The first principle of the Ordinariate is then about Christian unity. St. Basil the Great, the Church’s greatest ecumenist, literally expended his life on the work of building bridges between orthodox brethren who shared a common faith, but who had become separated from one another in a Church badly fragmented by heresy and controversy. He taught that the work of Christian unity requires deliberate and ceaseless effort...St. Basil often talked with yearning about the archaia agape, the ancient love of the apostolic community, so rarely seen in the Church of his day. This love, he taught, is a visible sign that the Holy Spirit is indeed present and active, and it is absolutely essential for the health of the Church.

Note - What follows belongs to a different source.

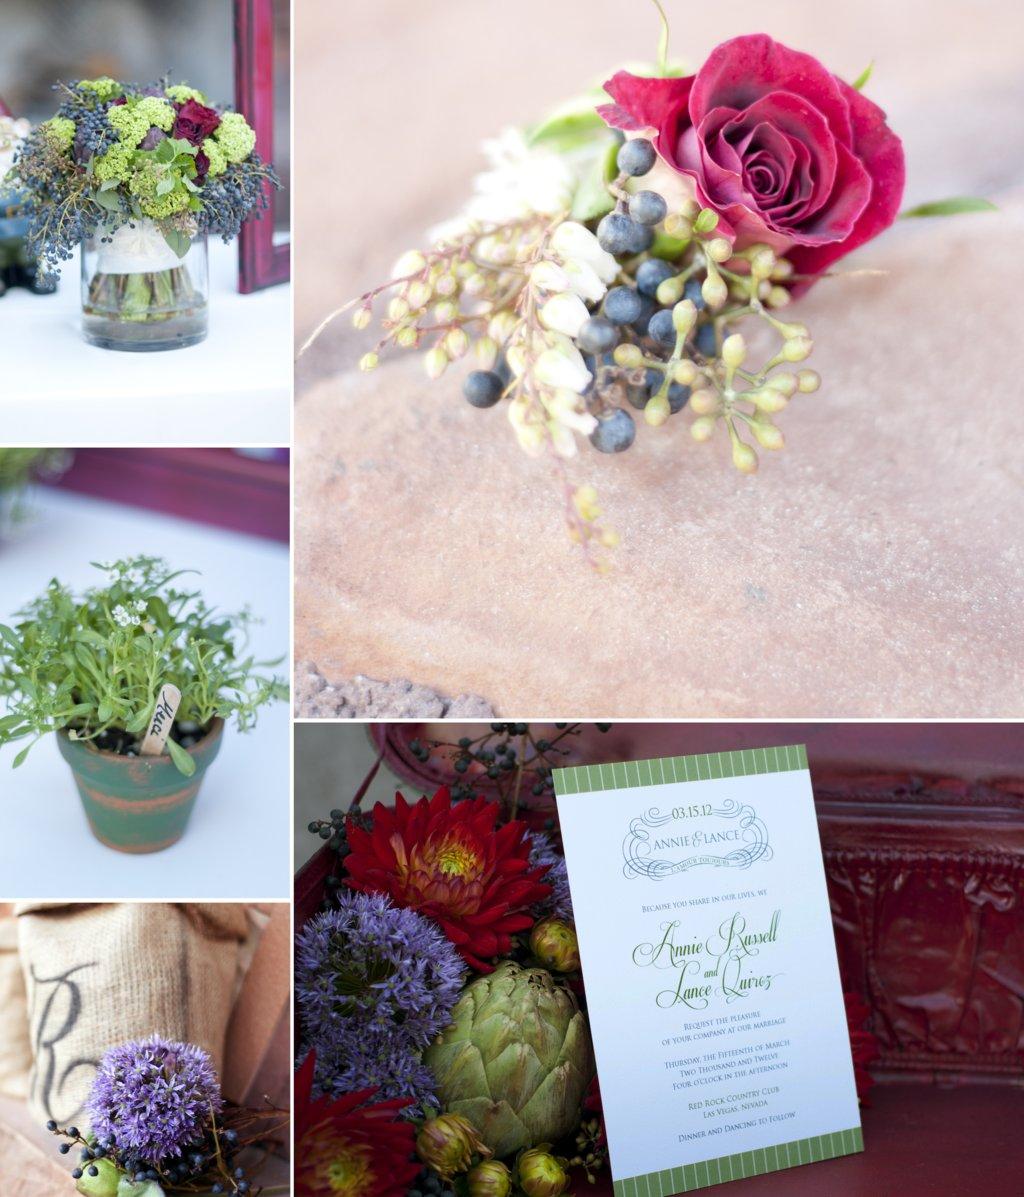 French-inspired-wedding-inspiration-romantic-wedding-reception-decor-1.full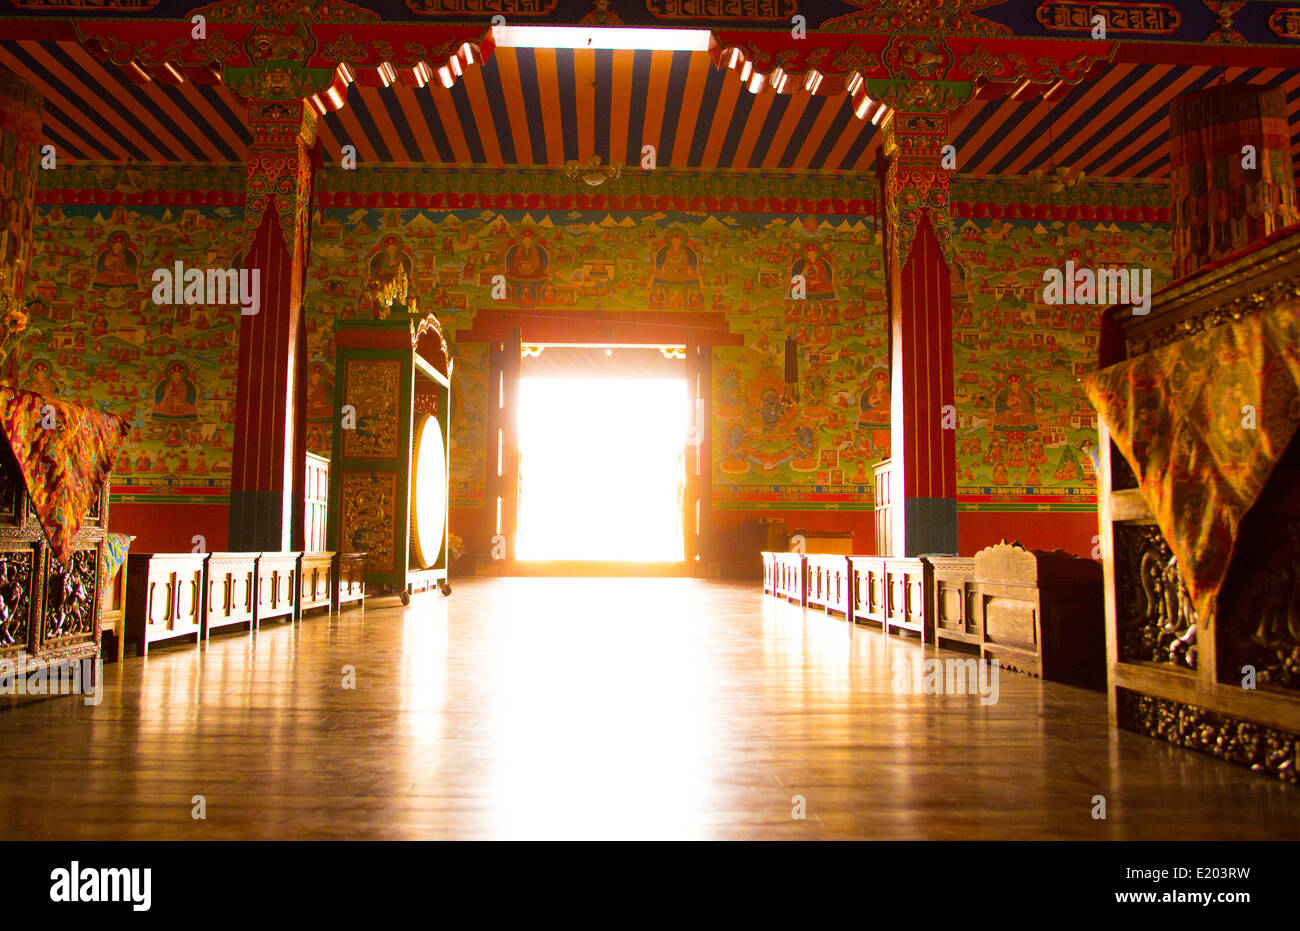 Kathmandu Nepal The main entrance to the prayer hall at the Drikung Kagyu Rinchenling monastery Eastern Kathmandu - Stock Image

- Msgr. Jeffrey Steenson, Homily on the Occasion of his Formal Institution as Ordinary

Saturday, January 4, 2014


...Whatever Thomas Cranmer became, at the time that he first translated the Latin Mass into English, drawing from Eastern sources as he did, he was a liturgical and linguistic genius. His pioneering creation, the 1549 Book of Common Prayer, was a work of beauty, and even subject to close analysis, Catholic understanding. His principal source for this work was, of course, the Sarum Rite, combined with a Benedictine spiritual worldview that he drew from the landscape of England itself. In saying so, I am in no way apologising for the theological, political, and historical travesty that led to the Prayer Book in the first place; I am only saying that, in spite of things, the resulting work could hardly have been surpassed. And it is this Book, together with its deeply flawed and wholly inadequate successor books that – for better or worse – spoke to, and for, the British people until at least the early twentieth century: from England to Wales and, to a lesser extent, Scotland...

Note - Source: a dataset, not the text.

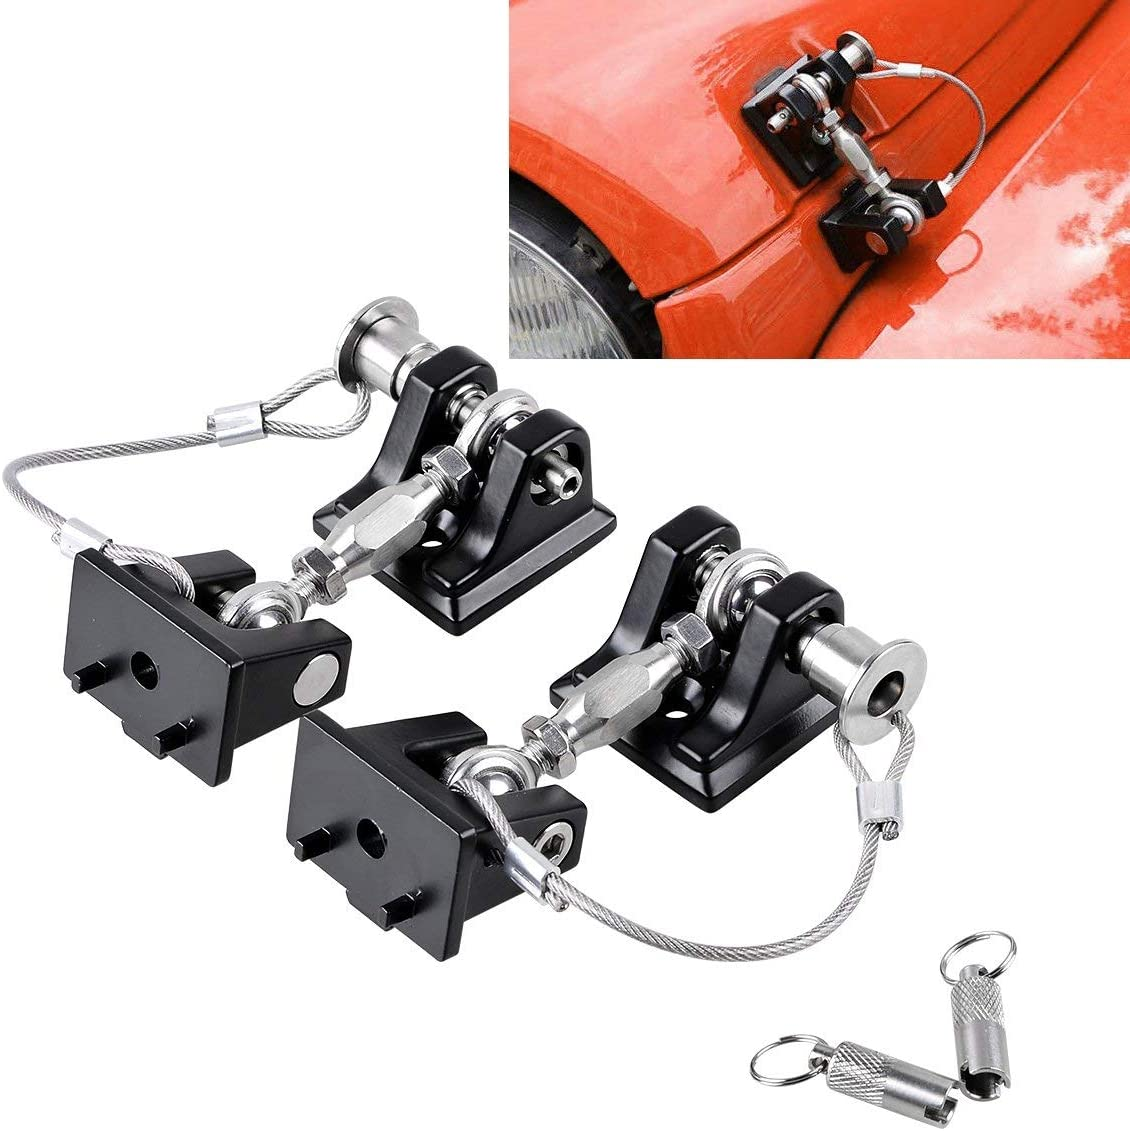 Pandaorv Hood Lock Anti Theft Front Grille Lock with Keys for Jeep Wrangler JK 2007-2018

Read the rest of this post that summarizes the liturgical roots of today's Ordinariate and the potential for the future at Symposium, the blog from a Ukranian Catholic priest in the UK.


  1. This is a lovely romantick notion of what dear Dr Cranmer was about in giving us a liturgy 'understanded of the people'. Linguistic genius he might have been - but liturgical? He did his best to wreck the Canon of the Mass - nothing after the dominical words, and the prayer of humble access (aka the plea of Uriah Heep) directing our attention from the Almighty to us, just when we should be looking at Him. As for answering the needs of present-day English and Welsh men and women, who are these people so wedded to 'olde-tea shoppe'* mock-mediaeval English? I am aware of none in our congregation, nor among Anglicans still hovering on the brink. Certainly many of Cranmer's collects are quite brilliant translations - but in the 1662 Prayer book they are just appendices to the Prayer for the Monarch's Majesty. The Confession is over-the-top navel gazing, and even the comfortable words pall with weekly repetition - as does that prolix Prayer for the Whole Estate of Christ's Church. I suffered all this as a child and young man, and liturgical revision with all its faults came as a great relief.
    Our new rite has done the best it can within the limitations set by some Ordinariate Groups who believe the only way to approach God is in "thee" and "thou" language,(and worse still "wouldst" and suchlike). No doubt in England we will try to make it work, in deference to our Ordinary. But this is not going to bring about the Conversion of England - faithful pastoral care, and the liturgy (whether in English, Latin, or Tudorbethan) celebrated sincerely and prayerfully with good congregational hymnody are what we should be seeking.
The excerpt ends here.